Thanks vilas, you recognised what I was getting at.

Further to an earlier post
here (http://www.pprune.org/rumours-news/553569-air-asia-indonesia-lost-contact-surabaya-singapore-68.html#post8812749),

I have recently learned from a discussion on another site that the following picture shows one of the last ADS-B transmissions received from Air Asia flight QZ8501 and that the data shown are from GPS. The missing data are all from the relevant ADIRU. Since a total failure of an ADIRU (ADR and IRU) may be considered unlikely, it is possible that it was switched off.

http://031c074.netsolhost.com/WordPress/wp-content/uploads/2015/01/image002.jpg

Gysbreght
It appears to me that two issues are getting mixed up.
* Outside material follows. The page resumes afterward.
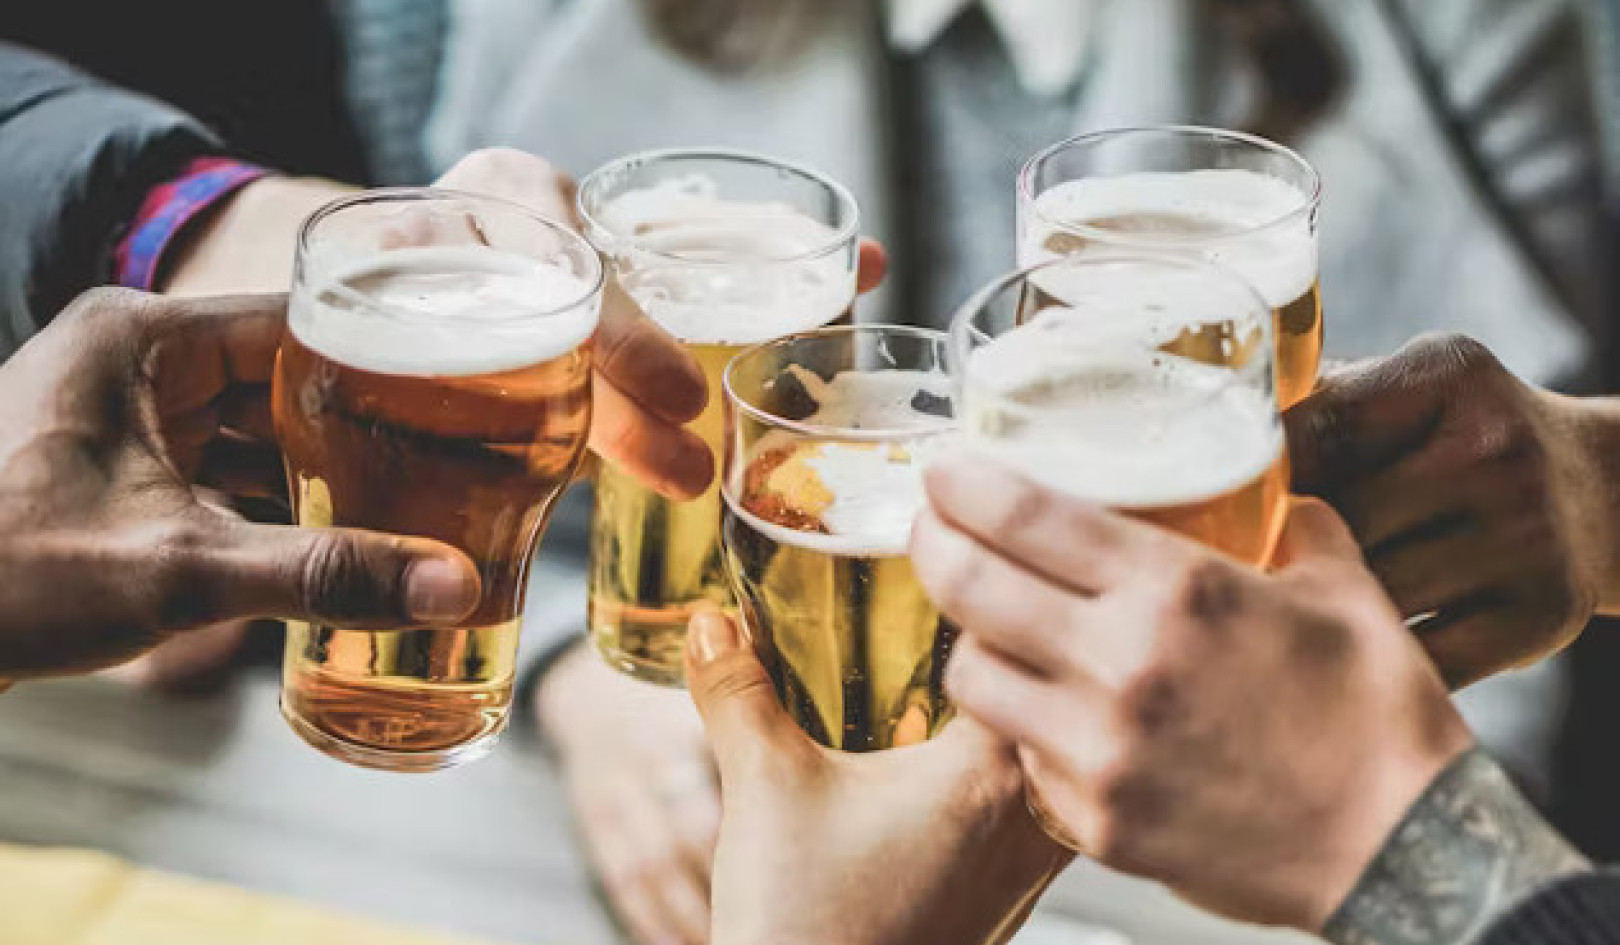 Ist mäßiger Alkoholkonsum wirklich gesund? Die Fakten aufdecken

In the first case the aircraft is in normal law and there is no icing of any AoA sensors or Pitot tubes. But due to change in AoA externally without any action on side stick by the pilot the alpha prot protection is activated. This will cause speed(AoA) to latch and the aircraft will normally descend but if AoA decreases because of outside airflow on the wings the aircraft will climb. This can be unlatched by pushing the stick forward. The second case is AoA probes are frozen at low speed (high AoA). When the aircraft accelerates to higher Mach the alpha prot threshold is decreased as the CL max reduces and that triggers erroneous alpha prot which cannot be unlatched. In this case you put the aircraft into alternate law and override the protection. This case is not going to put the aircraft in serious dive but normal descent at constant speed as it is latched. At lower altitudes at equatorial region temperatures ice will melt and situation should become normal.

It appears to me that two issues are getting mixed up.Sure they are. That's my point. They can be mixed up.